Many parents didn’t grow up in the same tech environment as their kids, and may not know automatically know what to do or say – or what an issue even looks like.

Like Fitzi said: "Twenty-five years ago when I was a teenager, probably the sexiest thing you could find is the lingerie section of the BigW catalogue."

Author, clinical psychologist and blogger at The Conscious Mother, Kirstin Bouse spoke to Carmen & Fitzi and said that while there is some next-level material online, it usually starts pretty innocuously.  

“They can find themselves down a rabbit warren of very, very dodgy material but where they started is probably not that concerning,” she said.

“When you get on to certain sites, you get all the pop-ups and you follow them, follow them, follow them, like the Yellow Brick Road to Oz – with Oz being pretty concerning.”

Her tips?

Blocks. Use them.

“I’ve got four kids and I’ve stumbled across my young one who has started watching Minecraft things on YouTube and they can land in some pretty scary places, so we have to take control of that situation.”

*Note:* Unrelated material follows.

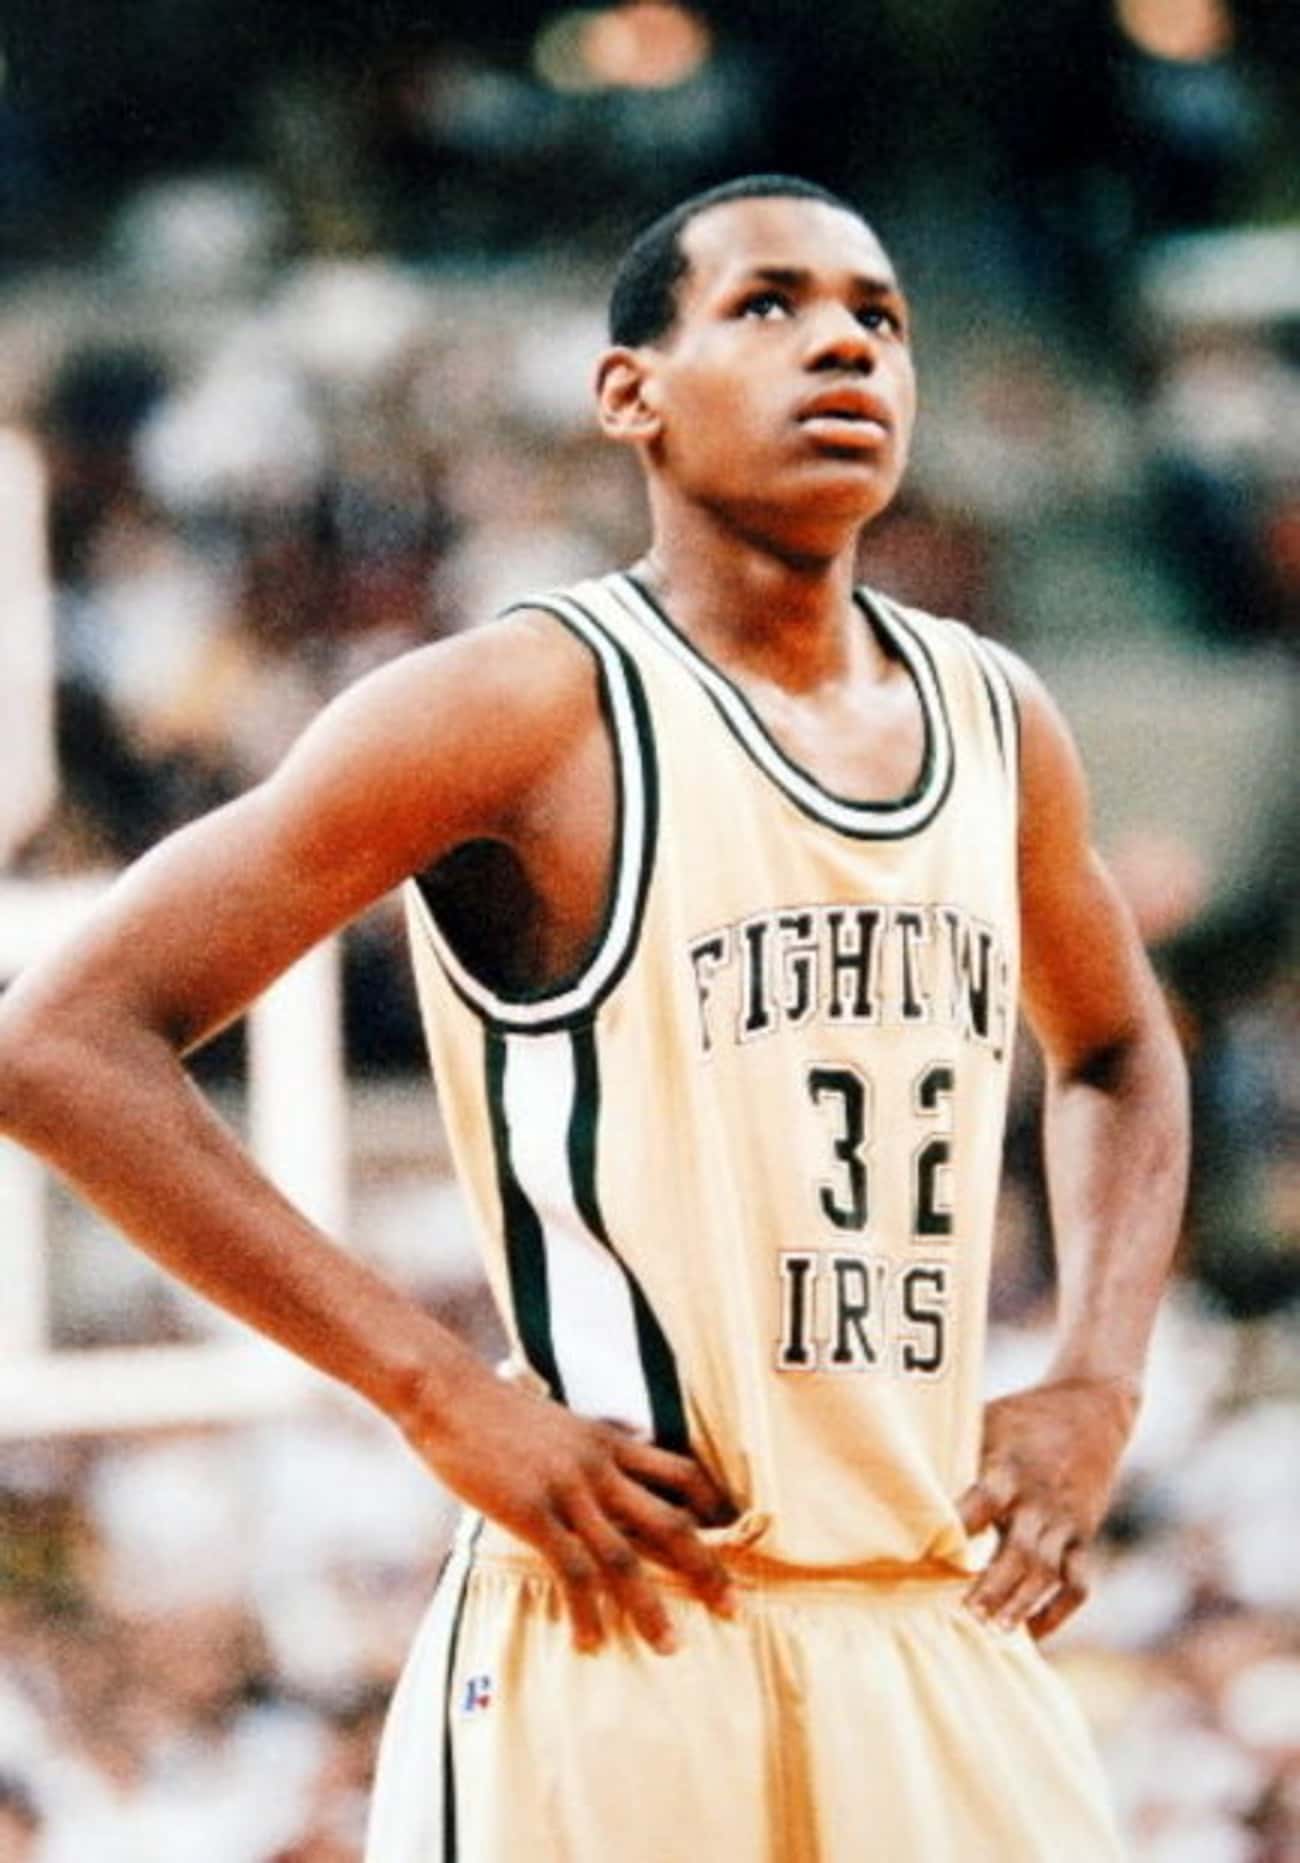 Young LeBron James as a Teenager

Sometimes telcos can even do this for you.

School resources

…no, not for your kids.

“Some schools are offering education to parents, so I would encourage parents to attend anything that the school puts on, they tend to get experts in that know how to talk to us who are - you know - in our 30s and 40s,” Kirstin said.

“We don’t necessarily know about privacy settings and how to block this but how to allow that.”

Don’t drop the ball on older children

It’s not just the little ones that need close monitoring, Kirstin said it’s been found that parents can lapse their focus throughout the teenage years, especially when there is wifi in the house and not just the family computer out in the open.

Online vs offline behaviour

Kirstin says to make sure your teenager’s online behaviour is on par with their offline behaviour. Would they swear at someone in real life? No? Then why online?

Boundaries

Age-appropriate boundaries should be set, such as “you can have an account only if I have the password” or that there will be consequences if they clear their history.